Energy Ministry data show that Hydro has paid $5.2 billion in dividend payments since 1992, nearly two-thirds of which was borrowed money. That means Hydro’s current debt of $15.4 billion would have been about $3.2 billion less if it had not been forced to pay dividends to the government.

While turning Hydro into a cash cow was an NDP initiative, Bennett admits the B.C. Liberals were quite willing to continue the practice.

The money from Hydro allows the government to borrow less for capital projects, such as hospitals, schools and roads, but that’s just kicking the problem down the road, with interest accruing the more it’s kicked. It’s like using your credit card to pay off your bank loan.

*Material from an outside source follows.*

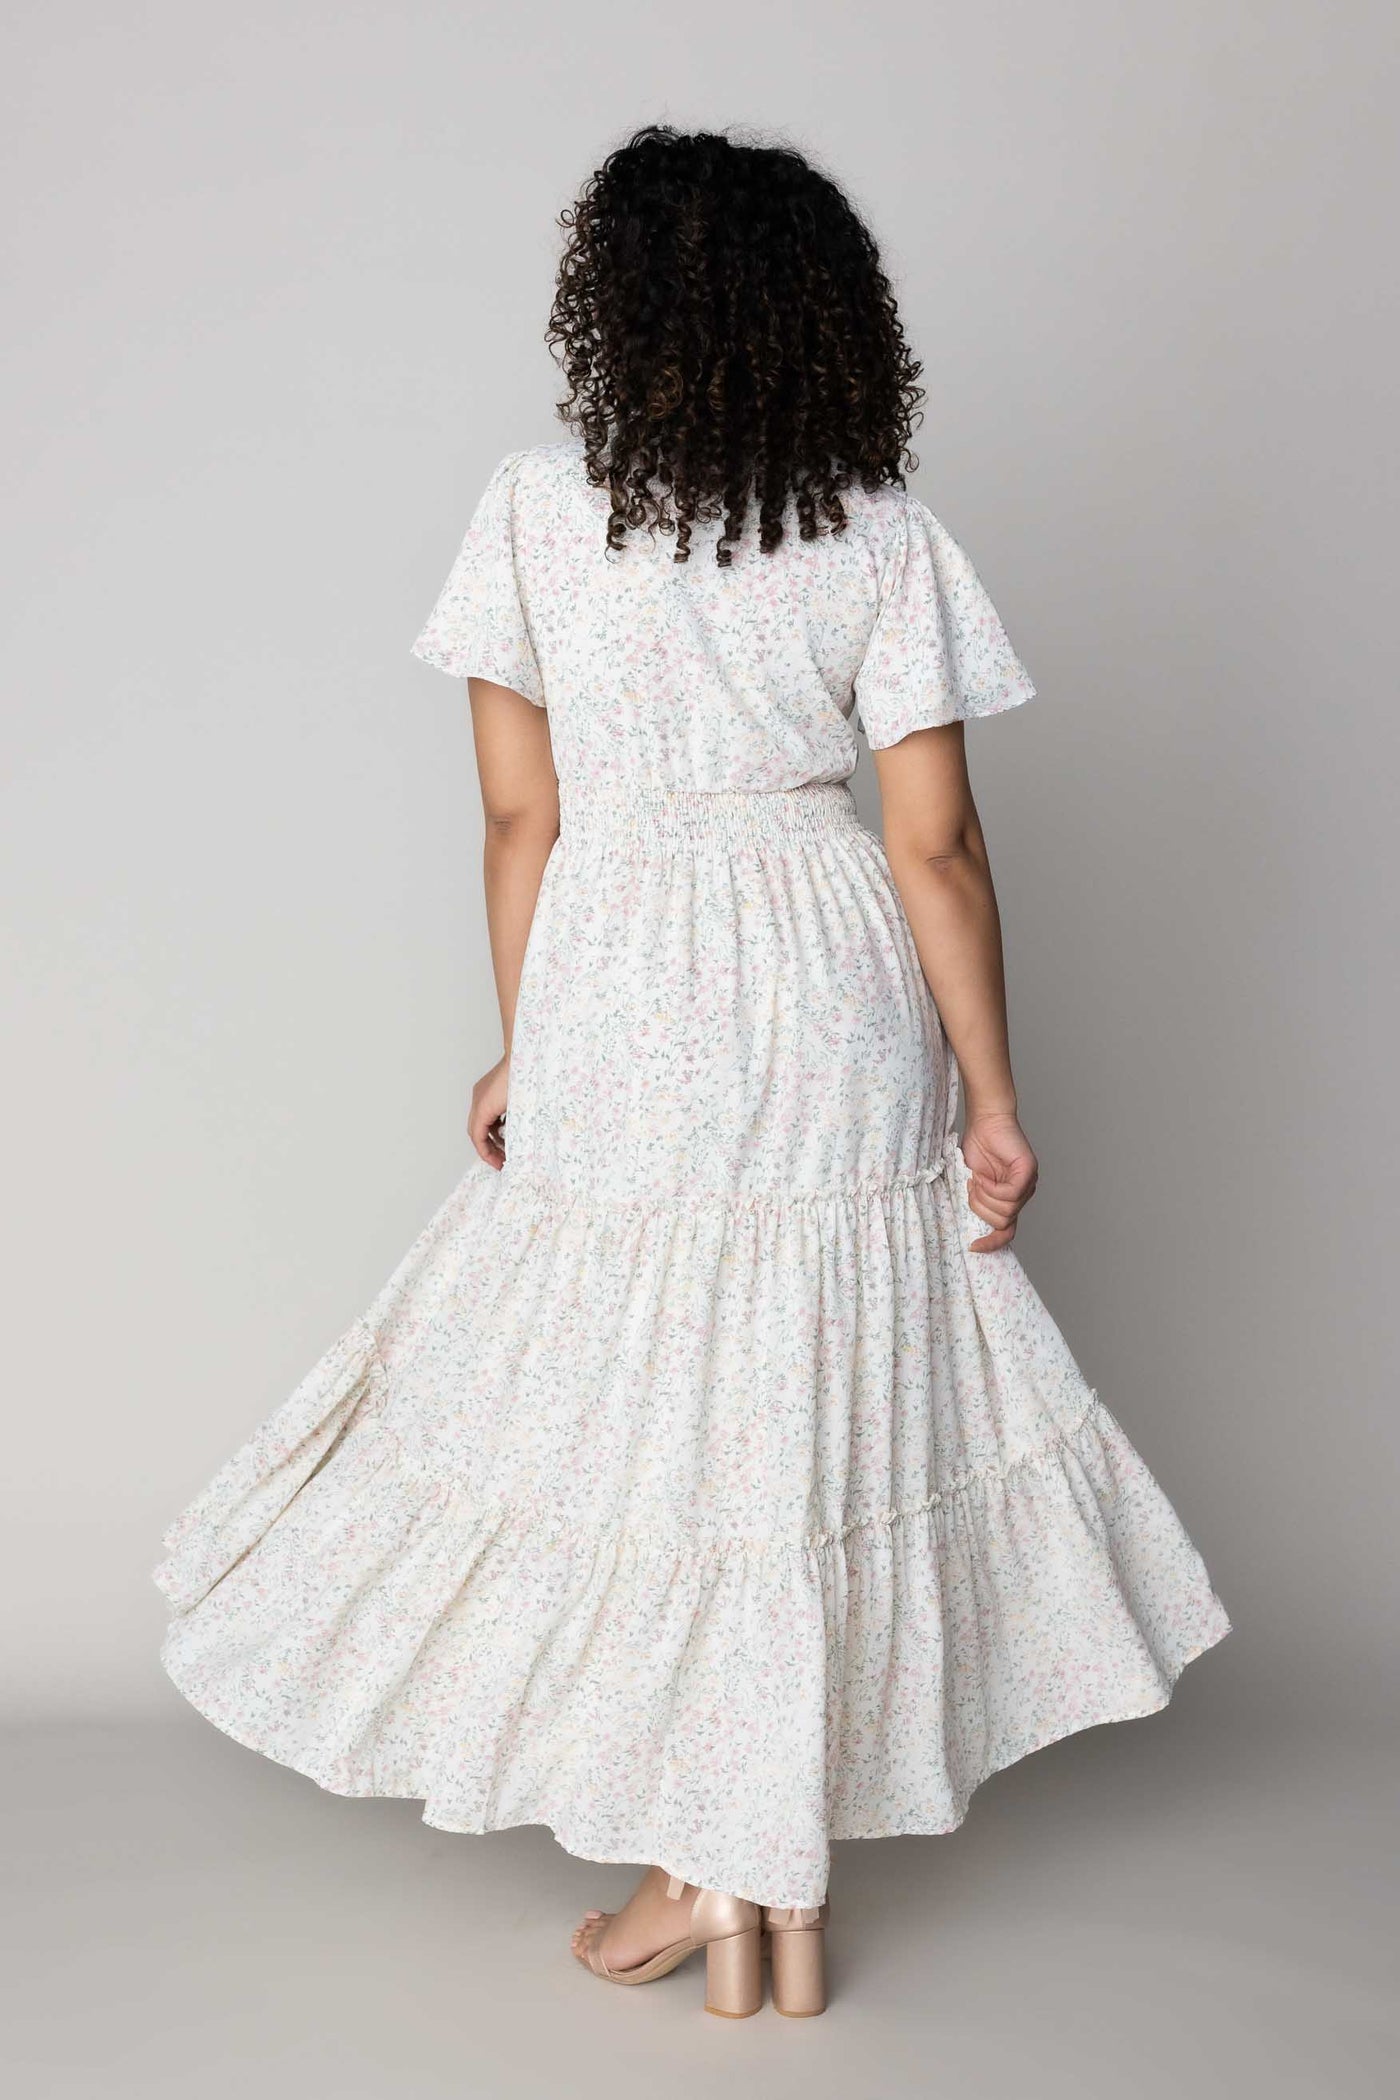 This modest dress features a defined waistband and floral details.

In being party to B.C. Hydro’s debt deferrals, the government is deferring the political pain it would risk from raising taxes or reducing spending.

That’s short-sighted and disingenuous — what we don’t pay in taxes, we will pay in higher electricity rates. The government isn’t robbing Peter to pay Paul, it’s robbing Peter to pay Peter.

Bennett’s plan is to slowly wean the province off Hydro payments. The dividend will be reduced to zero between 2018 and 2020, and will not be resumed until the corporation’s debt-to-equity ratio improves, says the government.

Better late than never. It’s acceptable for the government to require B.C. Hydro to share its profits, but it’s wrong to insist the corporation continue to make payments to the government when profits don’t exist.